The Github Page of Caffe contains a Windows Branch. I have taken this branch and created a Windows DLL. It is losely based on https://github.com/BVLC/caffe/blob/master/examples/cpp_classification/classification.cpp.
The DLL works and outputs correct classification results. But it is 1.5-5 times slower than the pyCaffe interface. It is very interesting that the pyCaffe Interface takes around 1 second for four images using AlexNet on all computers tested. The DLL time ranges from 1.5 seconds to 2 seconds to 4 seconds.
We have measured the time before and after the loop (using Easily measure elapsed time) of
template <typename Dtype> Dtype Net<Dtype>::ForwardFromTo(int start, int end)

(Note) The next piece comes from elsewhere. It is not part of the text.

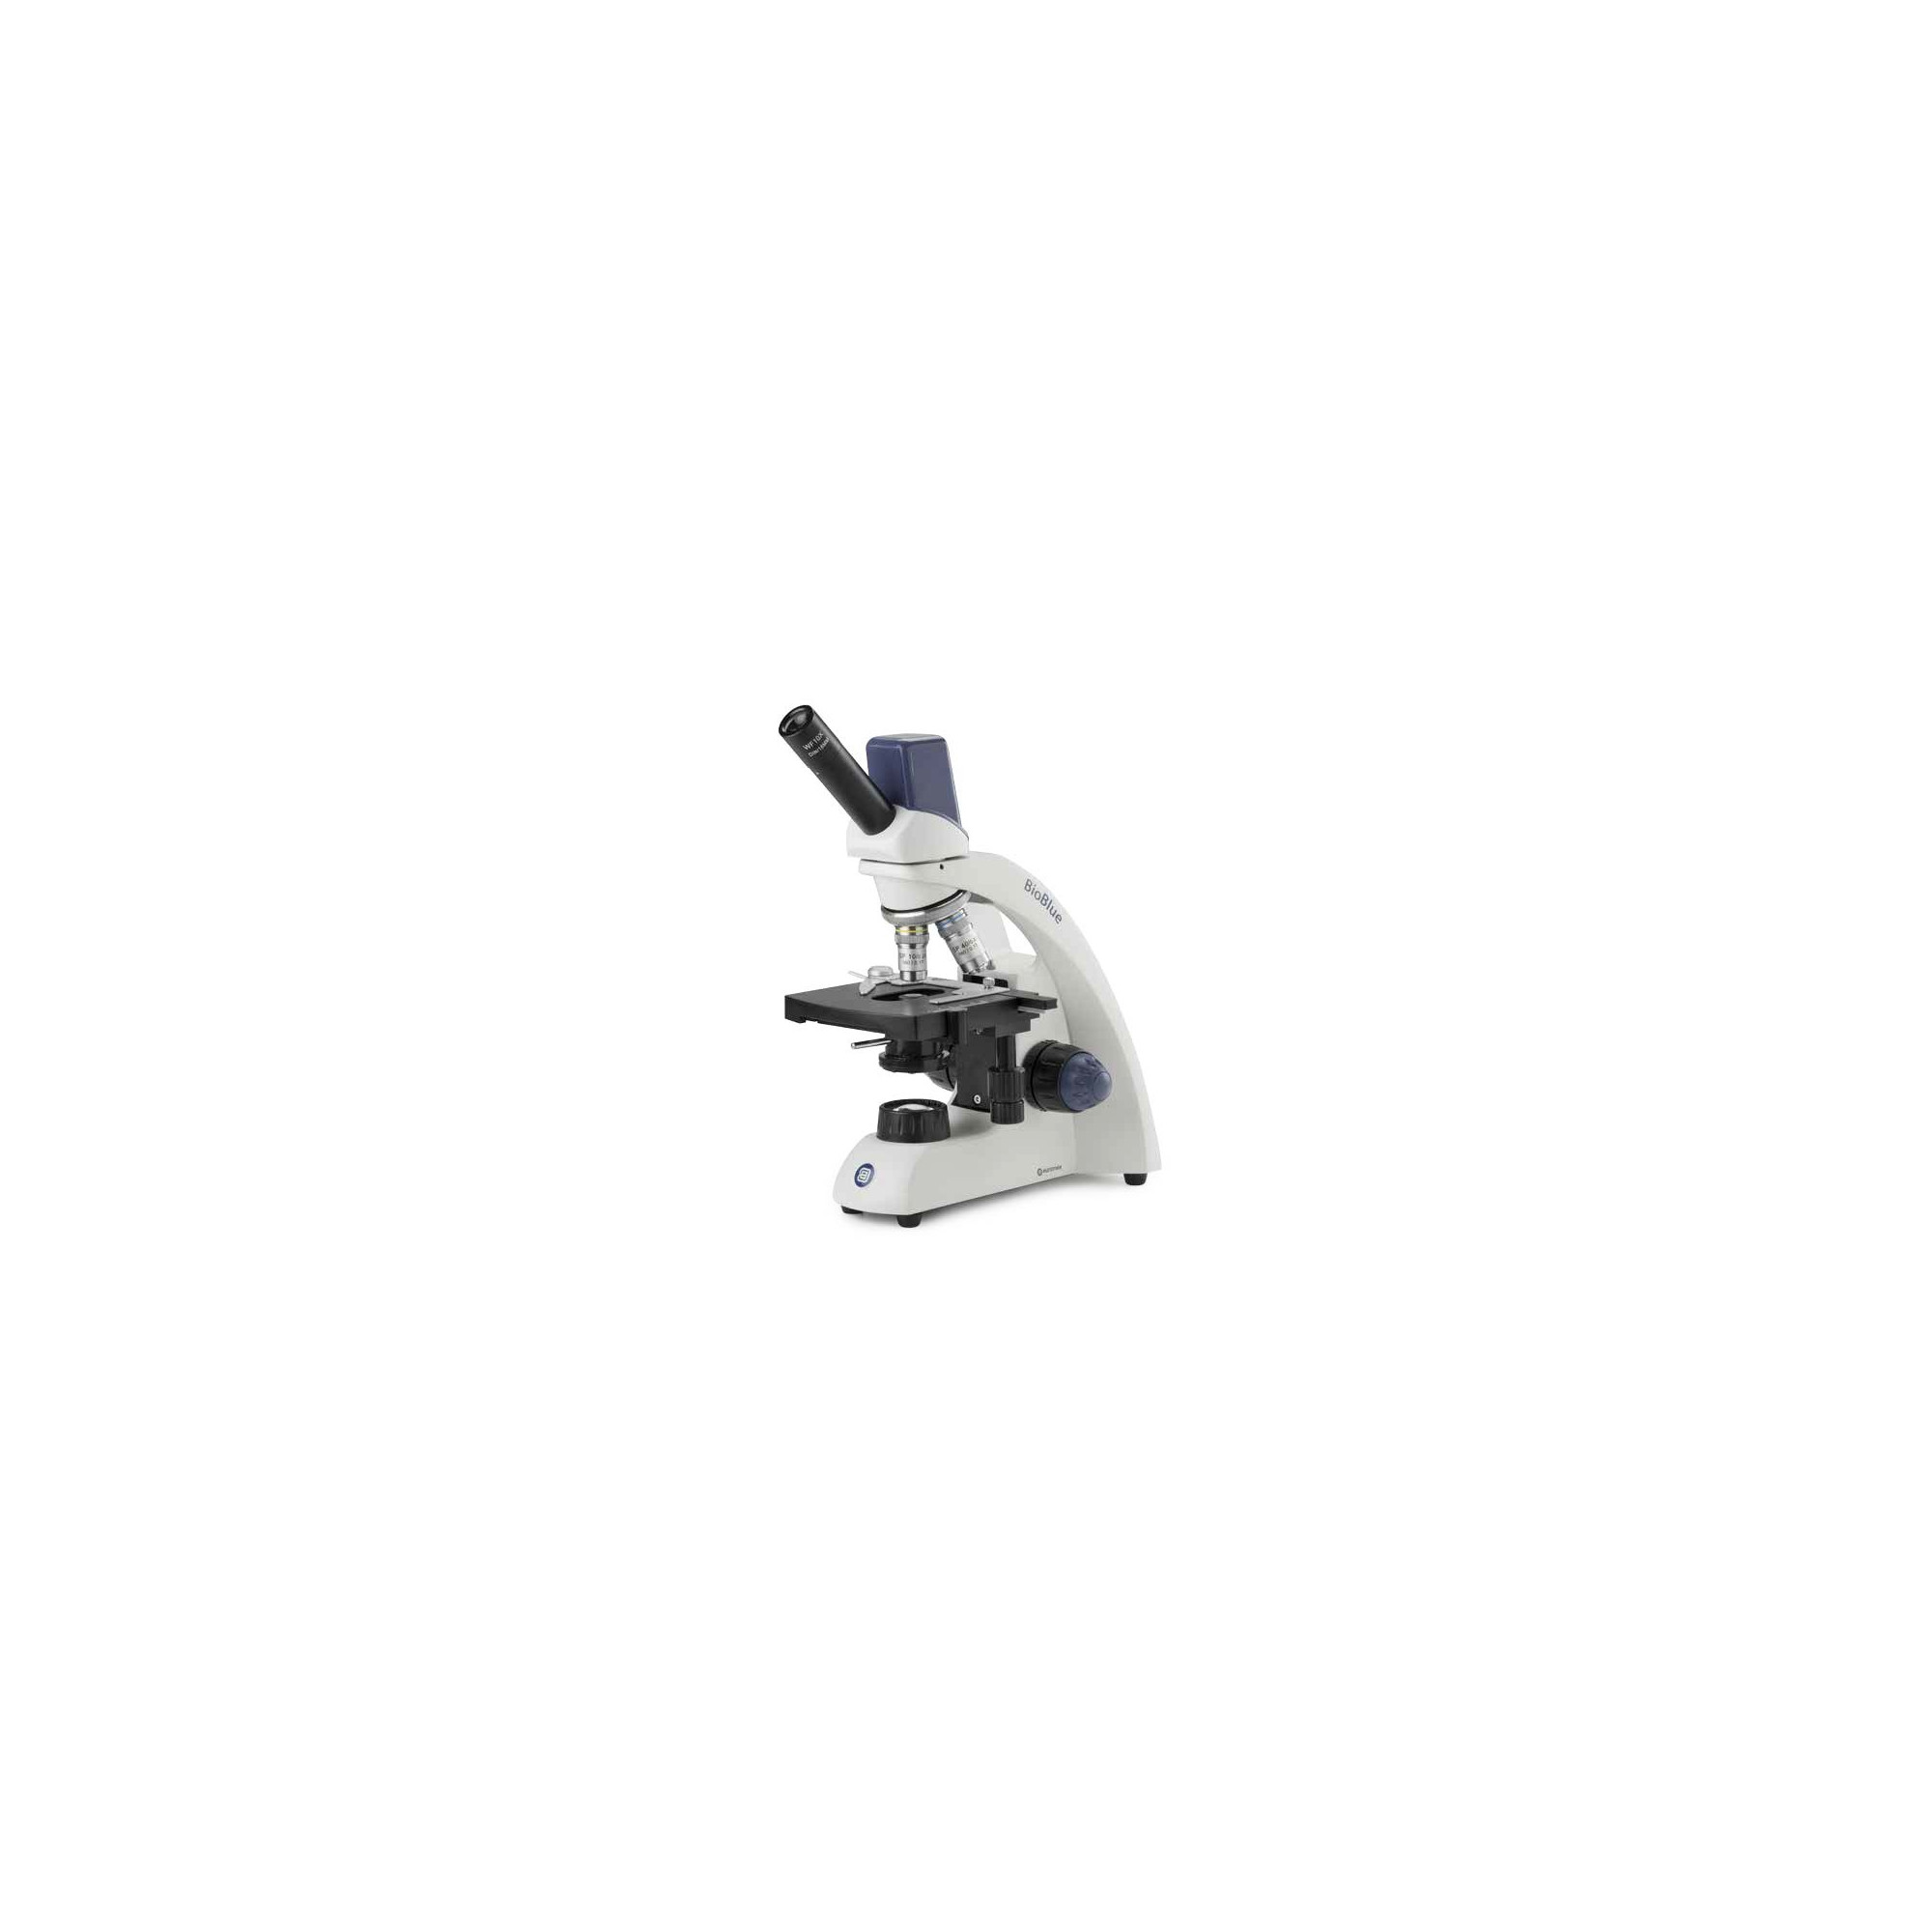 MICROSCOPIO DIGITAL MONOCULAR BIOBLUE MODELO 4255

This function resides in https://github.com/BVLC/caffe/blob/master/src/caffe/net.cpp and is called by the CPP and Python Code.
We have compiled Caffe as 32-bit programm without GPU support using Visual Studio 2013
Possible things we have checked so far.
- Compiler Optimizations
- The data
- OS and computer configurations (like CPU/Memory etc.)
- We have measured multiple times in one execution, such that the benchmark is more stable.
- We have also profiled the code using CodeXL but I could not find anything unusual, but that of course is a little bit vague.